When Taking Candy From Babies Makes Sense
By Carolyn T. Geer

(FORTUNE Magazine) – What do you do when a child is about to come into a pile of money that's been growing faster than he has? That's the question on the minds of a lot of people who set up accounts for their kids or grandkids under the Uniform Transfers to Minors Act. Such "custodial" accounts are managed by a designated custodian until the children become adults (at 21 in most states but 18 in some), at which point the children get the money outright.

People commonly contribute relatively small amounts to the accounts. For example, an individual might give up to $10,000 per year, a couple up to $20,000, the maximum you can give away to any one person annually without owing gift or estate taxes on the money. (Note: If the gift giver is also the custodian, the money gets counted in his or her taxable estate.) But the bull market has ballooned many custodial accounts. Attorney Kenneth Brier of Boston's Bingham Dana likens these accounts to Ferrari Trusts: "If a 21-year-old comes into that much money, what do you think he is going to do with it?"

New York lawyer Steven Chill of Golenbock Eiseman Assor & Bell says he hears from a worried client about once a week. Recently it was the father of three children, ages 10, 8, and 7, whose custodial accounts had swelled to six figures. Because the "problem" (every kid should have such problems) was caught early, Chill advised the father to set up a trust for each child for all future gifts. A properly drafted trust can live on past a child's 21st birthday yet still qualify for the annual exclusion from gift and estate taxes.

As for the money left in the custodial accounts, the custodian has no authority to put it in the trusts. But once the children turn 18, he can ask them to set up additional trusts for themselves and assign their interests.

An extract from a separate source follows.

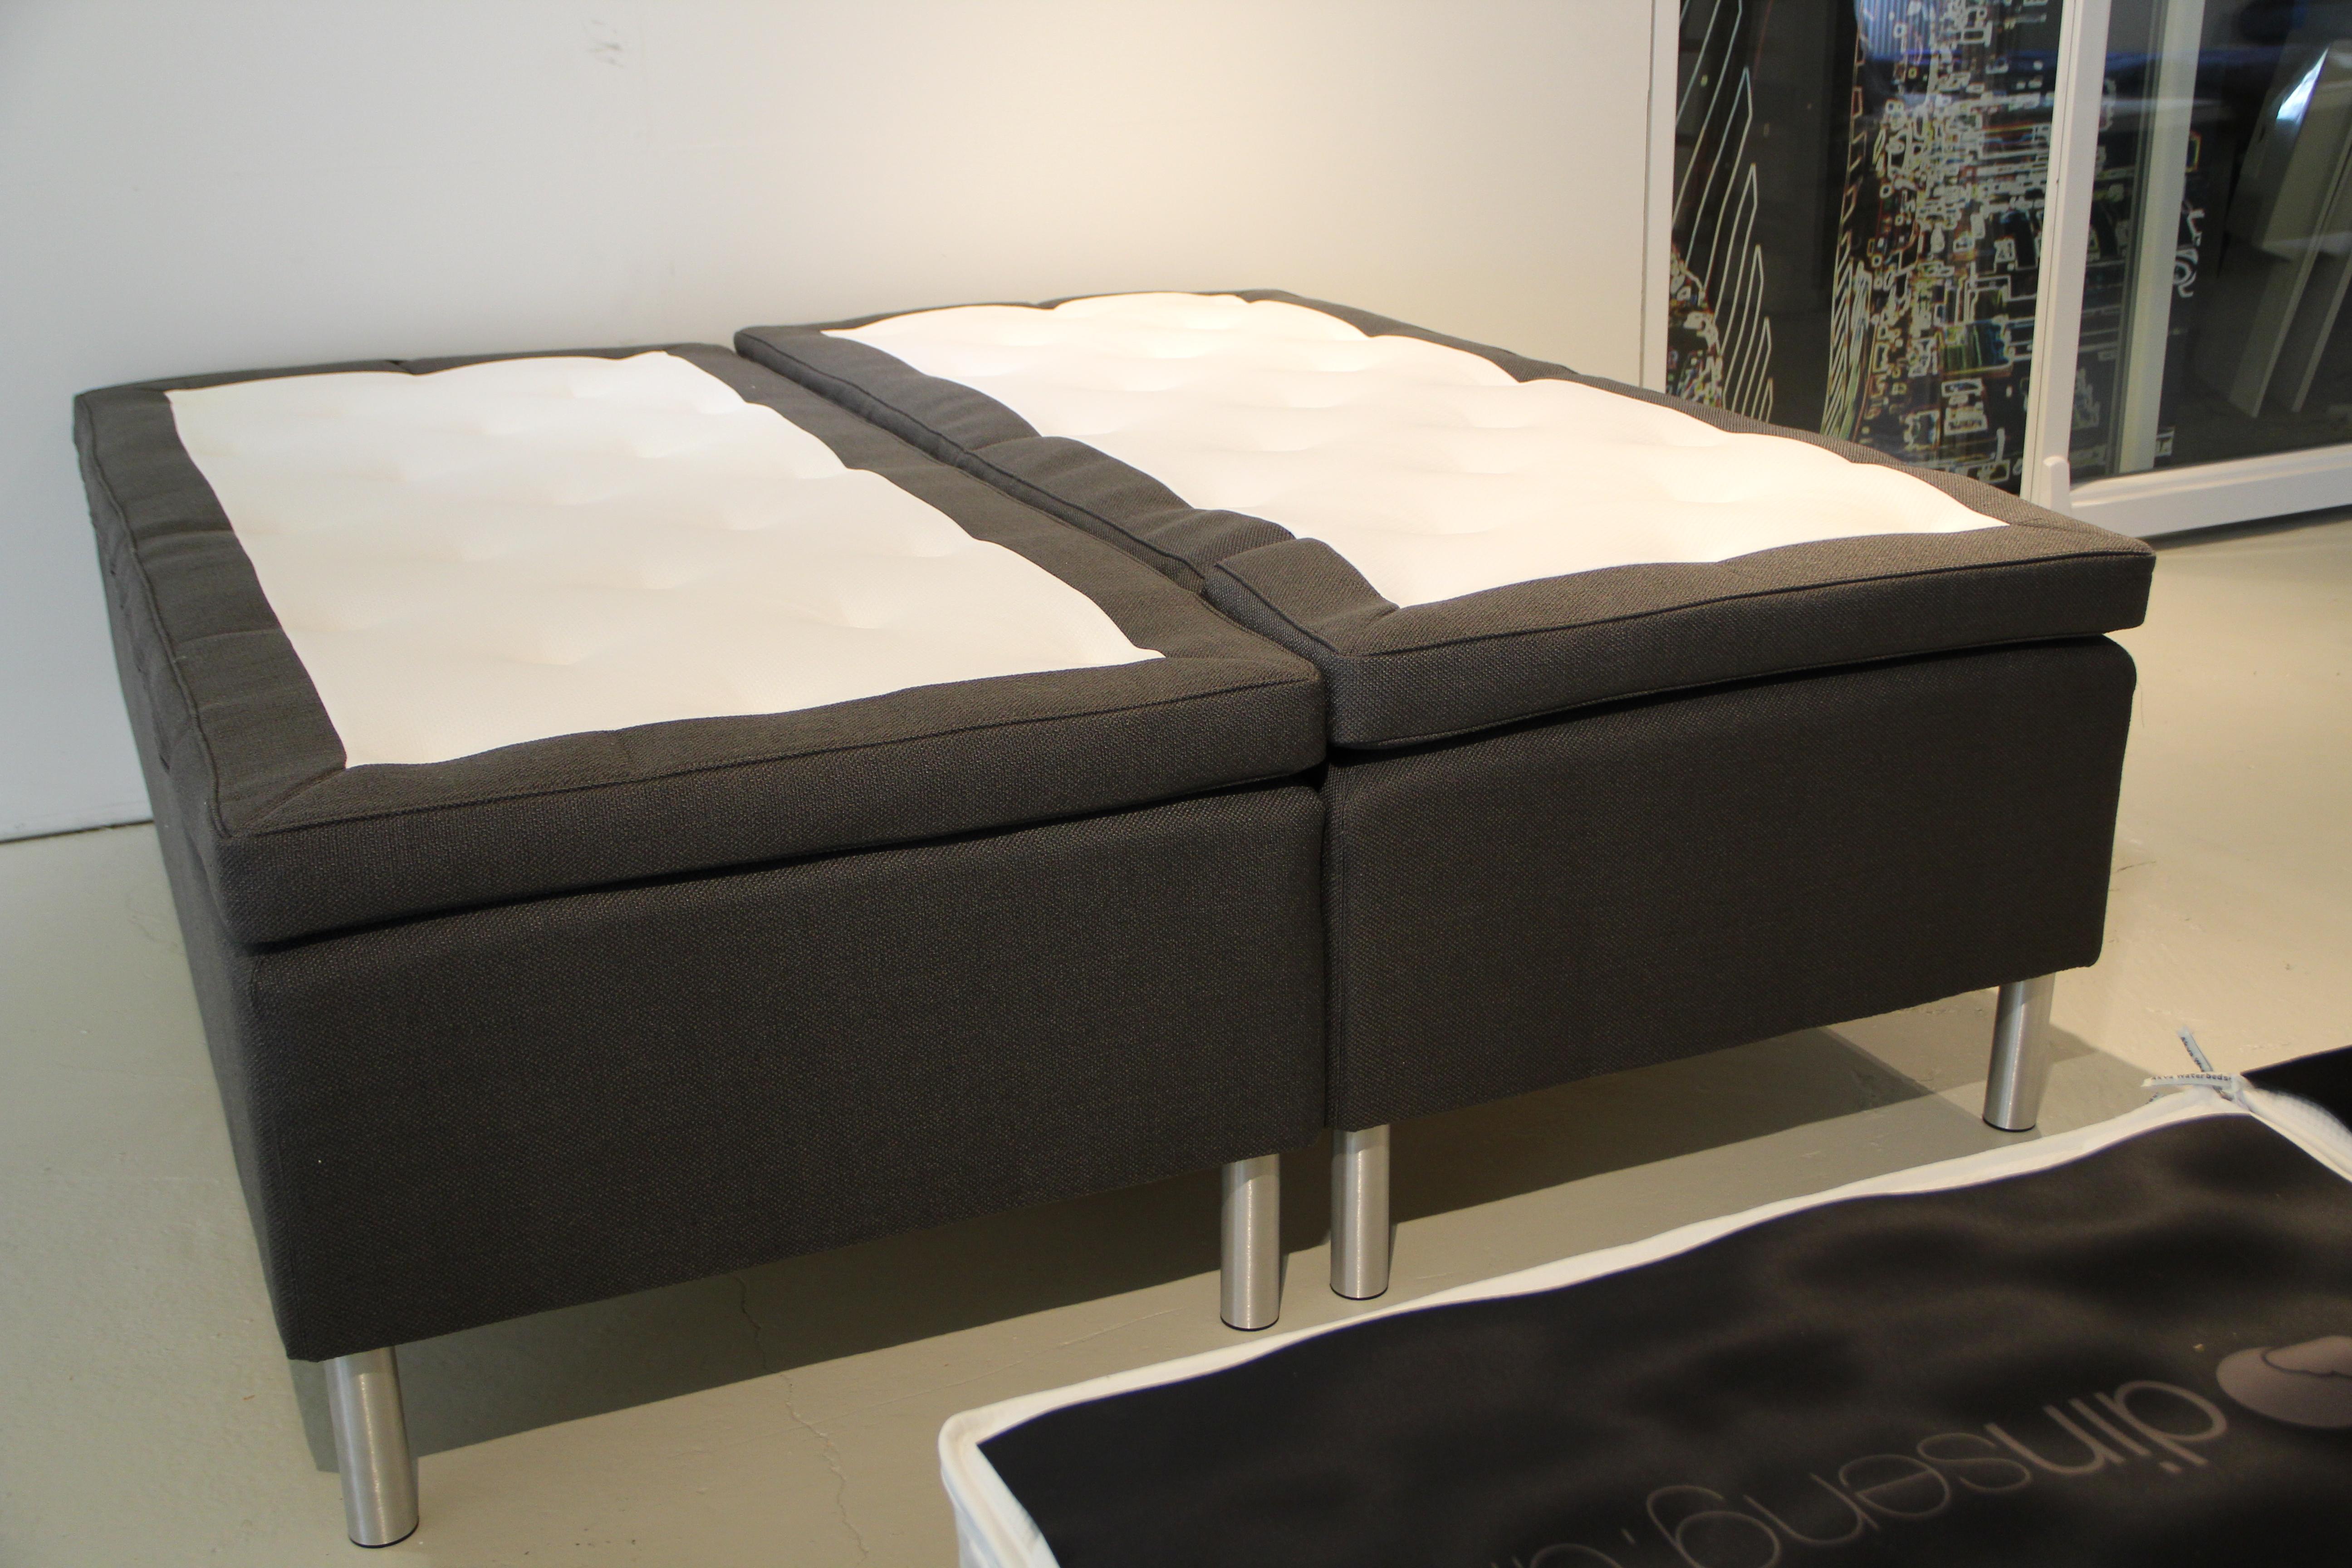 Boxmadras, 2017 model (180x200)

Of course, you have to get the kids to agree to this, "and that is always the killer," says Gail Cohen, chief trust counsel for Fiduciary Trust Co. International. She recently dealt with a father who said his teenager would never agree to put his $700,000 custodial account in trust. The father wanted to do it anyway, without the child's knowledge. Cohen suggested he get a lawyer.

Some 18-year-olds will sign whatever Mom or Dad puts in front of them, especially if they are led to believe that if they cooperate they'll get more goodies. But even if they do sign, they may later claim that they didn't know what they were doing or that they were coerced. Cohen recalls one such beneficiary who, in middle age, got a judge to agree to pay out her $3 million trust by claiming she was under economic duress.

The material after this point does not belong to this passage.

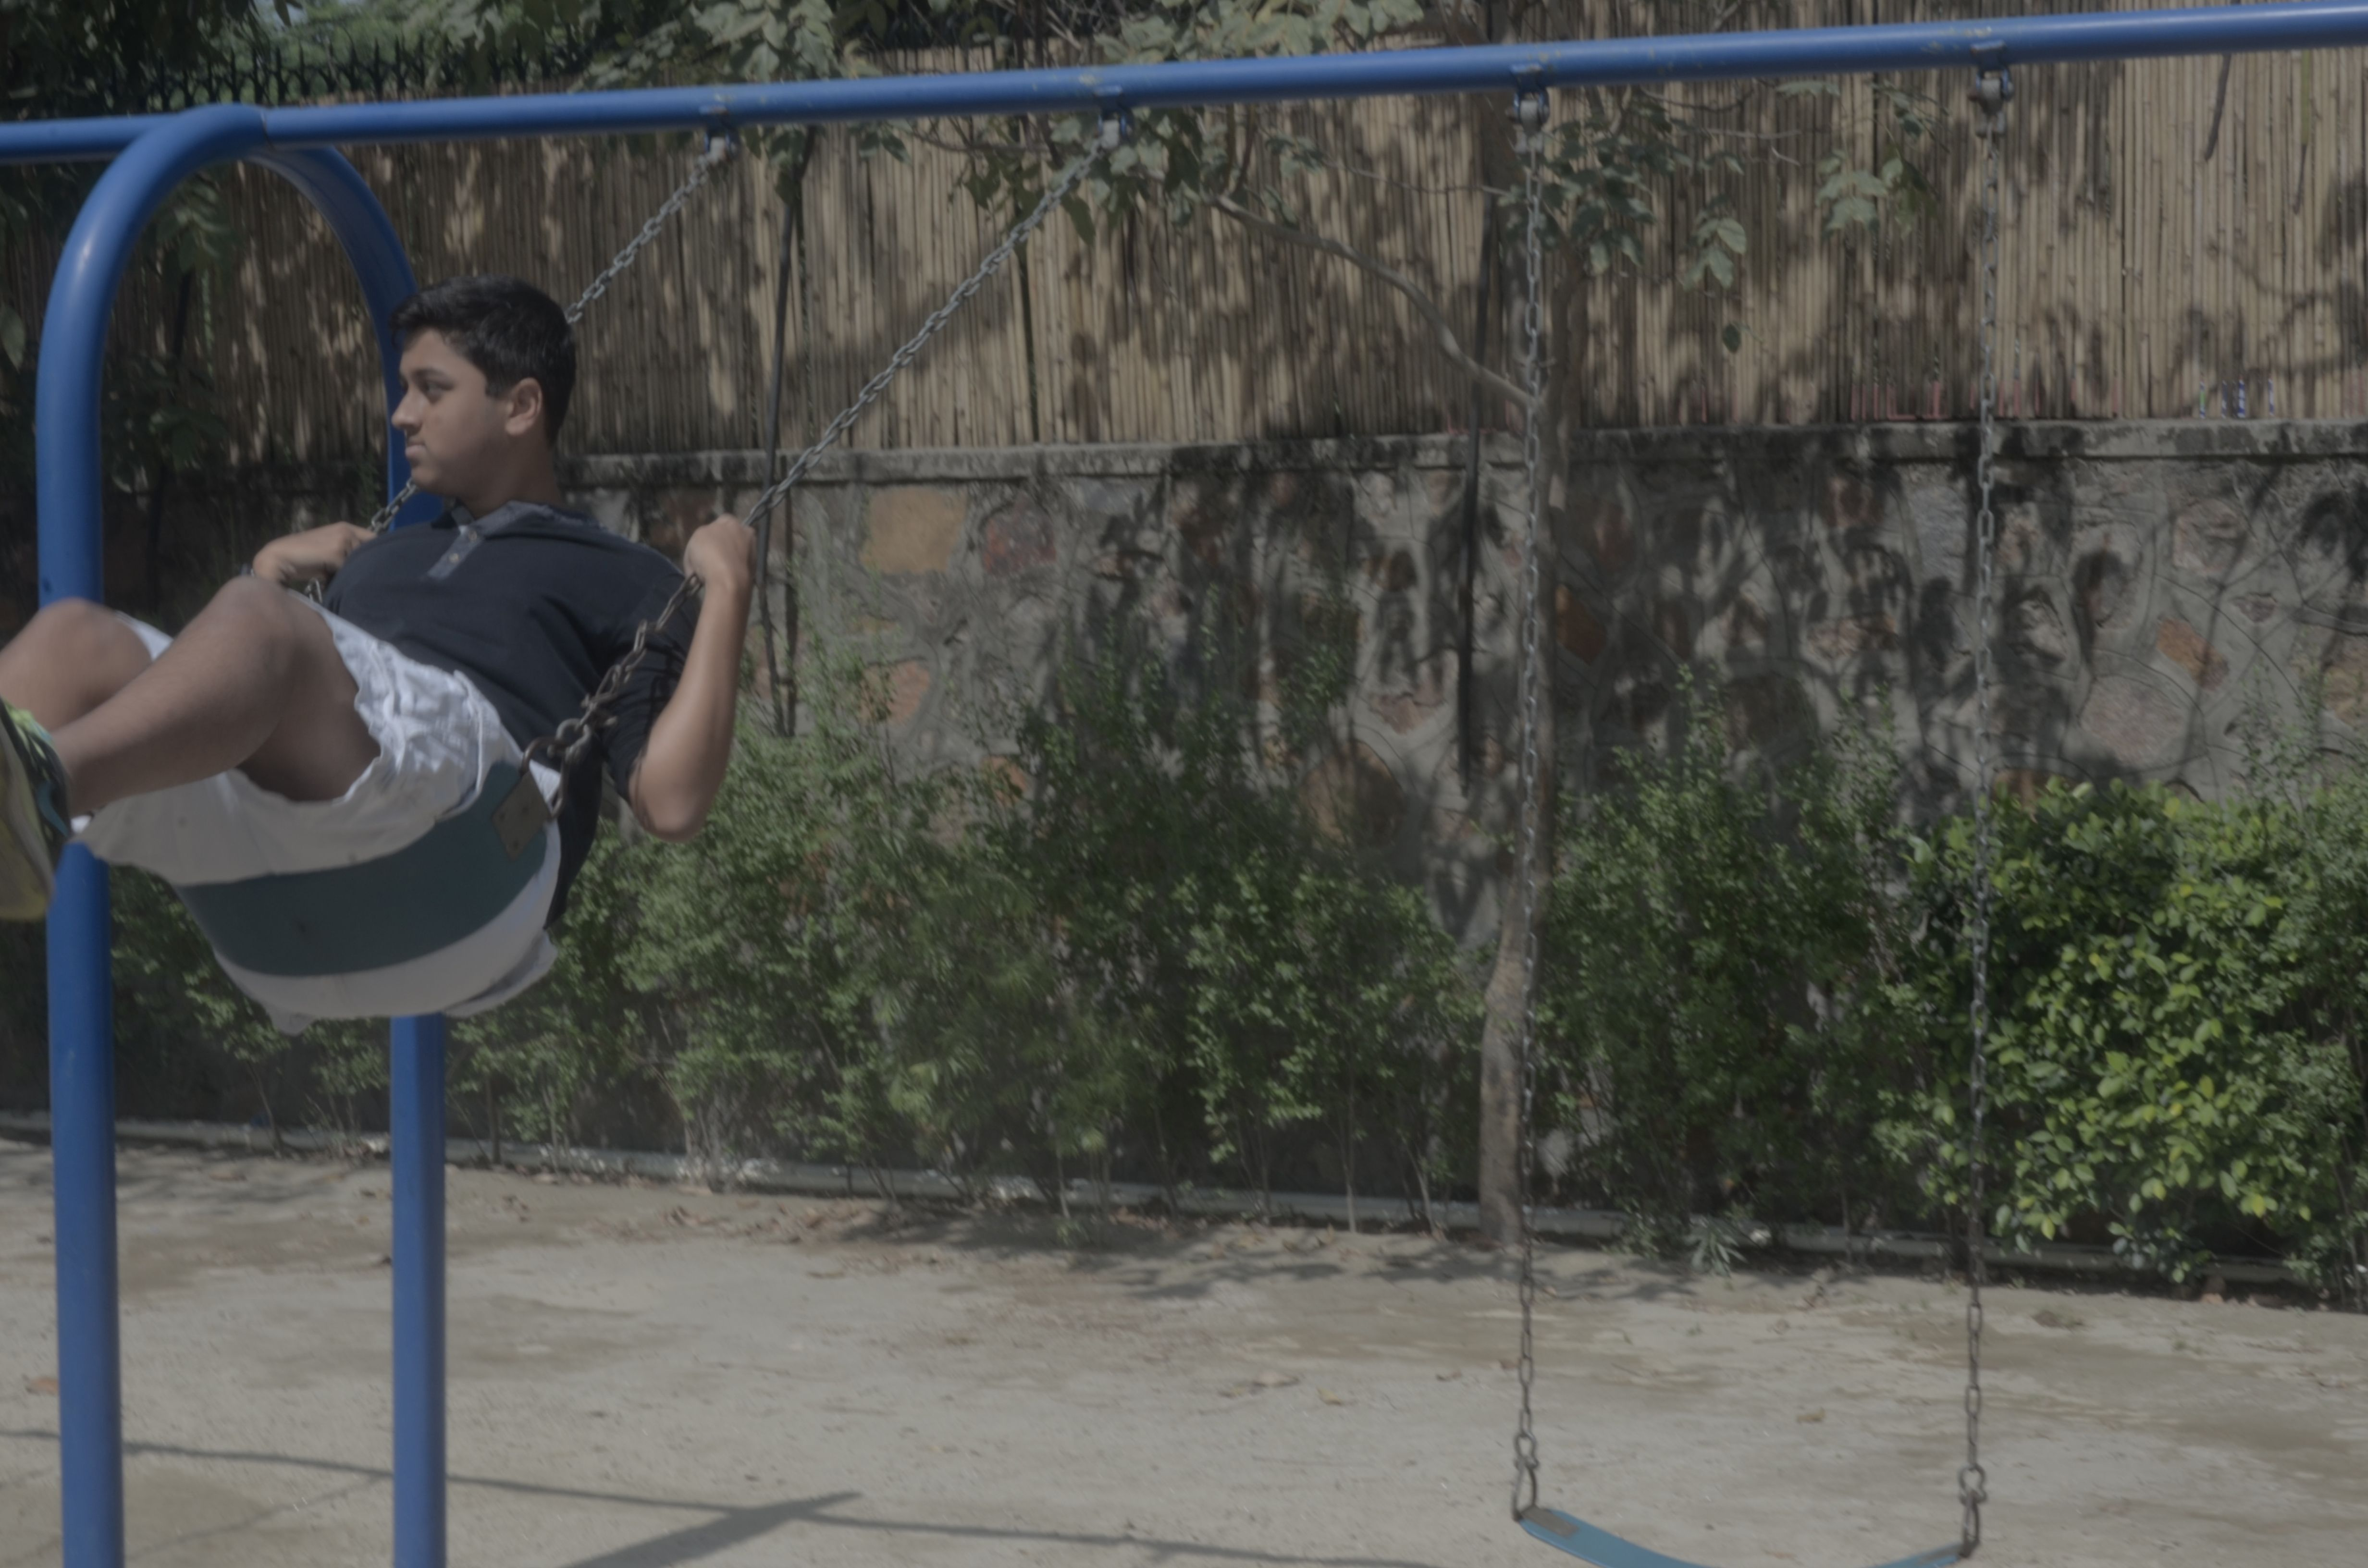 Nilay on the swings

That's why some lawyers are recommending a still widely undiscovered technique involving family limited partnerships. Here, the custodian invests the custodial-account assets in a family limited partnership in exchange for a limited partnership interest. When the custodial account ends, the child gets the interest in the partnership rather than, say, marketable securities. And since the partnership interest isn't liquid, the child gets only distributions. Since a partnership is simply a joining together of two or more people, you could establish a family limited partnership for yourself and just one child. Or, if you have several kids with custodial accounts, you could combine them all in one partnership--giving you economies of scale and lower investment costs. Most partnership agreements fix the date the partnership will end--for example, when the general partner dies--and the shares are paid out to the limited partners.

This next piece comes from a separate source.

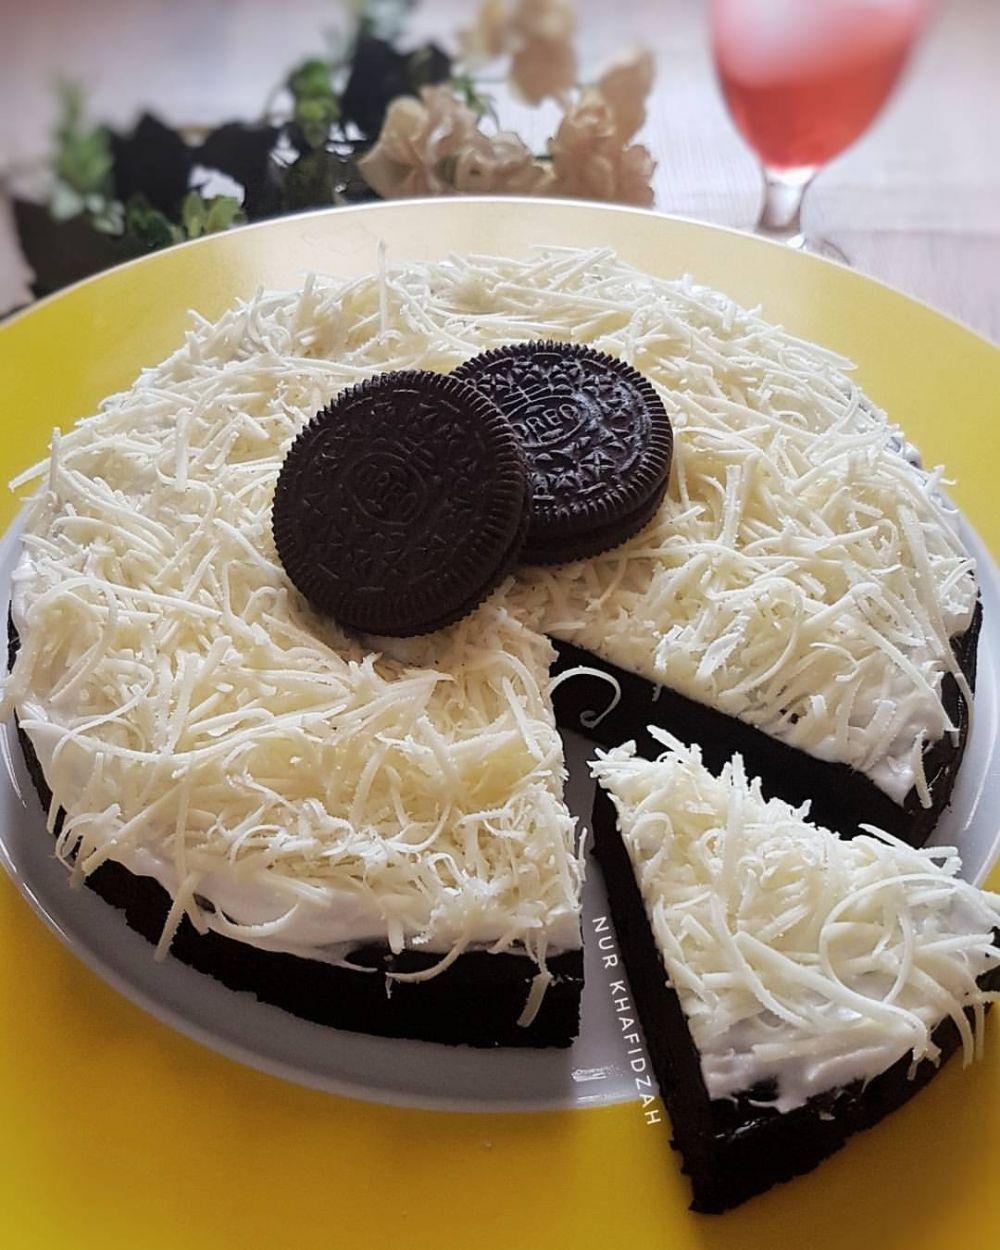 Resep Kue Basah Untuk Lebaran Instagram Resep Kue Makanan Kue Lezat

You don't need a reason to set up a family limited partnership, but attorney Brier says you ought to have one other than protecting a child from himself or herself, particularly if you pull this off on the eve of the child's 21st birthday. If the child later challenges the maneuver, a judge will examine whether the custodian acted in the child's best interest and whether there was a legitimate reason for the transaction.

Note: This will work only where the custodian has the power to invest in a partnership. Typically, that is the case for accounts set up under the Uniform Transfer to Minors Act but not for those established under the older Uniform Gifts to Minors Act, which is still the law in a small minority of states.